Where You Live: Manoa
Manoa Valley is home to the University of Hawaii, a number of successful businesses and nearly 45,000 residents. It's often busy and bustling, but it's always connected to its past.
The story of Manoa Valley starts in the back with Manoa Falls, one of many waterfalls flowing down Hawaii's mountains.
Back there everything grows and life flourishes.
Even those that live on Oahu and have never set foot in the Manoa Valley probably drank some of its water. That's because the area collects a lot of moisture as it makes its journey into an aquifer.
"It goes down really slowly. It's like a giant sponge and it holds that water that is available for use, for drinking water, for bathing, for everything," said Jill Laughlin of the Lyon Arboretum .
The rain in Manoa really adds up around here. At the head of the valley, the average rainfall is 160 inches a year, but as you head Makai it gets a lot dryer. About six miles away at the mouth of the valley, the average rainfall drops to just 35 inches.
It was that water that first drew people to the valley. King Kamehameha the Great was said to have fed his armies with sweet potatoes grown on these hill sides. For decades, this was a place for agriculture with plenty of taro and rice to feed the city of Honolulu and then came the dairy farms.
Manoa, the name itself, means wide or vast. It is part of the Waikiki Ahupua'a. Long before the UH and the Ala Wai canal, there was the Moana Hotel.
She says Manoa has the highest concentration of designated historic homes on the island. More than a hundred structures and each have a story. Most were built at the turn of the century when trolleys ran through the streets.
"It's art in our neighborhoods," said Linda LeGrande, a Manoa historical walking tour leader.
Even Manoa's roads are lined with history, literally. The curbs aren't ordinary. They have uneven edges because they were built using blue basalt lava rock cut from the Mo'iliili quarry.
"So when we do our walks, we feature our curbing stones and we call it curb appeal," said LeGrande.
But it's the stream running through the valley that ties it together.
"To me, it's a metaphor for the valley because it carved out the valley thousands of years ago," said George Arizumi, a lifelong Manoa resident.
Arizumi is a third generation Manoa resident. He says as a kid in the 1950s there was plenty of freedom and opportunities for mischief.
"Go around the neighborhood and steal mangos from the trees. The Manoa Graveyard was right there. There were plenty of mango trees. We used to very naughtily step on the headstones so we could reach higher and get the lower mangos," said Arizumi.
The stream – with clean water and plenty of fish – provided endless fun.
"That's what we did. We just played in the stream, played in the mountains. There was no shopping centers, no malls to hang out," said Arizumi.
That's why he leads the stream clean up several times a year. Arizumi aims to preserve the special resource that so many simply drive by.
This is a bustling community that still values taking an extra beat with a place to pause and remember the dead at the state's largest Chinese cemetery.

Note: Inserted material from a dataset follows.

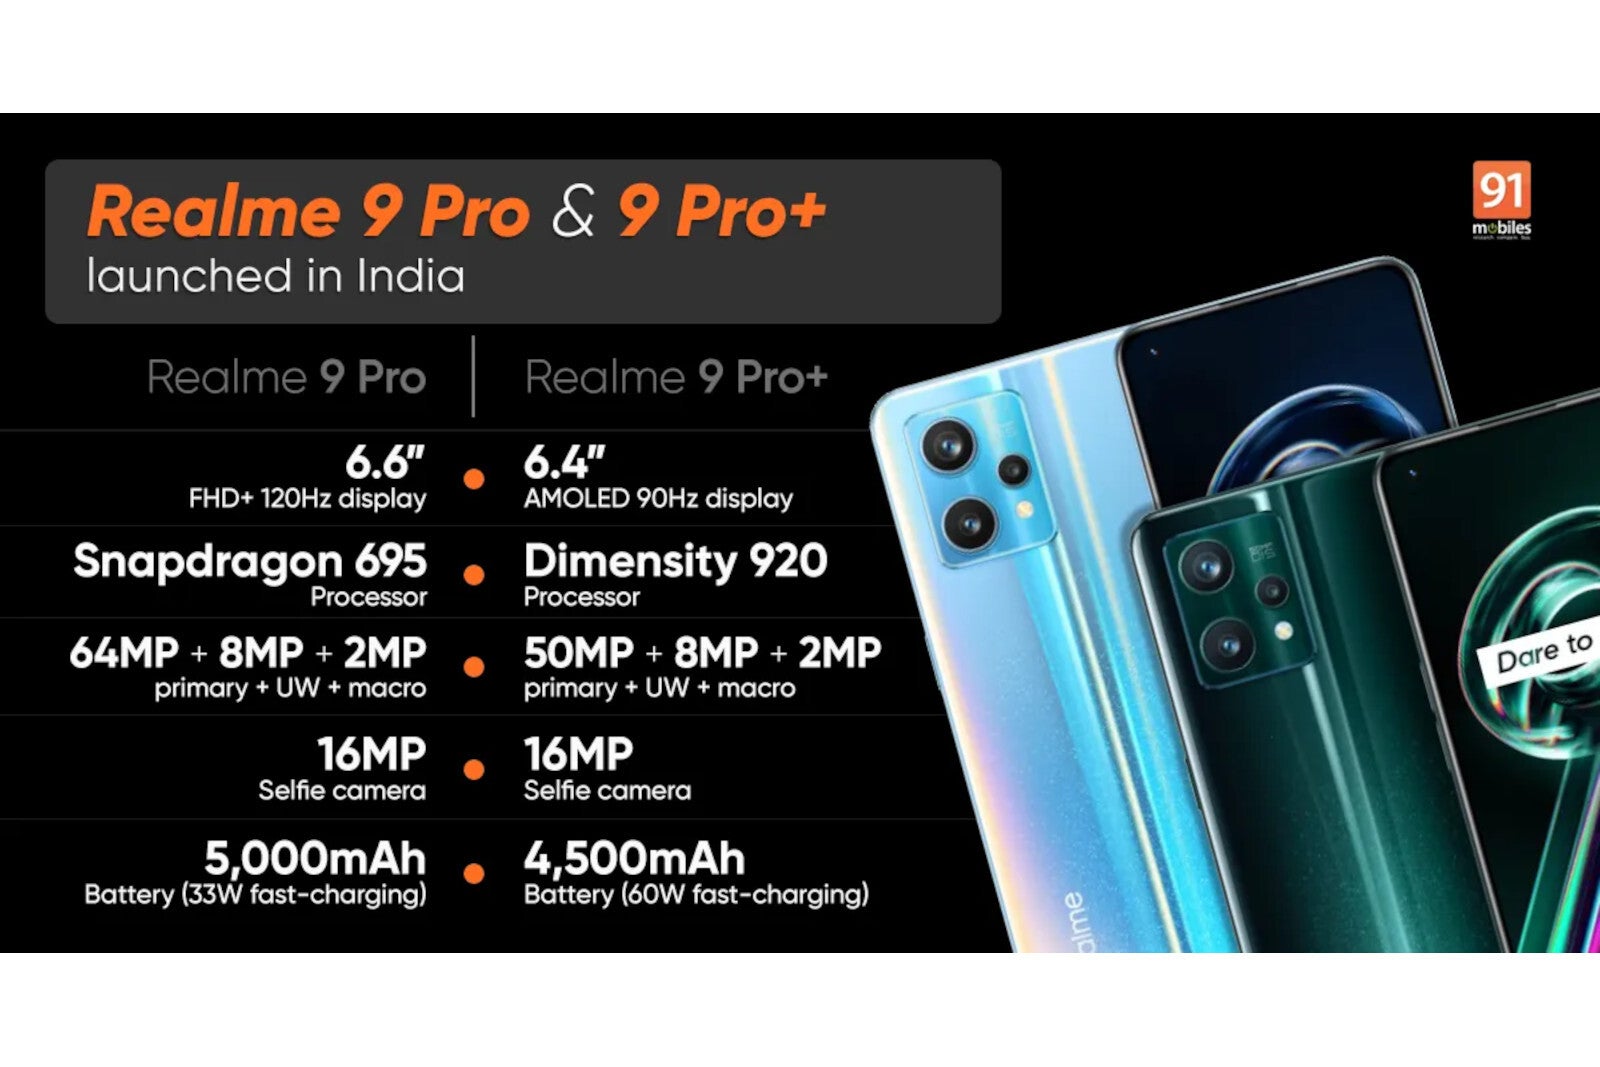 realme 9i: Specifications & Features - realme Community

Even the coffee can take a little longer at Morning Glass; one of the newer businesses. It takes a full five minutes to get a cup of those beans all individually roasted. That pace is just fine because fast just isn't the Manoa way.
"Really only slower in the way life should be slower," said Eric Rose of Morning Glass. "People are very sharp, very educated, very business savvy….But people are willing to take a moment and enjoy the mountains outside, the rain in the air and enjoy the time to talk to friends and acquaintances, which I think is something that is lost in a lot of other parts of the world."
What's not lost here is the connection to the land.
"This valley is alive. It's teeming with all kinds of magic things and lore," said Hawaiian studies professor Kimo Alama Keaulana.
Keaulana says the legends here are plentiful and one of the most visual, including the sleeping giant atop the ridgeline.
"He's lying down. If you can see his forehead, his nose and his chin and his chest and feet go all the way down to Dole Street, by where Kuakalani is today," said Keaulana.
That giant was a chief said to have murdered a princess of the valley and then lied about his actions. That placement is his punishment.
"So Kaui lies there to face his heavenly court as a punishment forever; that teaches you don't lie," said Keaulana. "I think in old Hawaii that must have been a good lesson for all the kids growing up."
That ancient lesson makes for modern day protection as a recognized cultural site. Nothing can be built along the ridgeline, leaving the Giant to sleep forever.
A child of this valley, Keaulana composed a song about the rain. In translation it talks about Manoa being beautiful adorned in the rain; a sentiment anyone who lives here surely shares.
There are so many legends of the Valley and so many special historical places.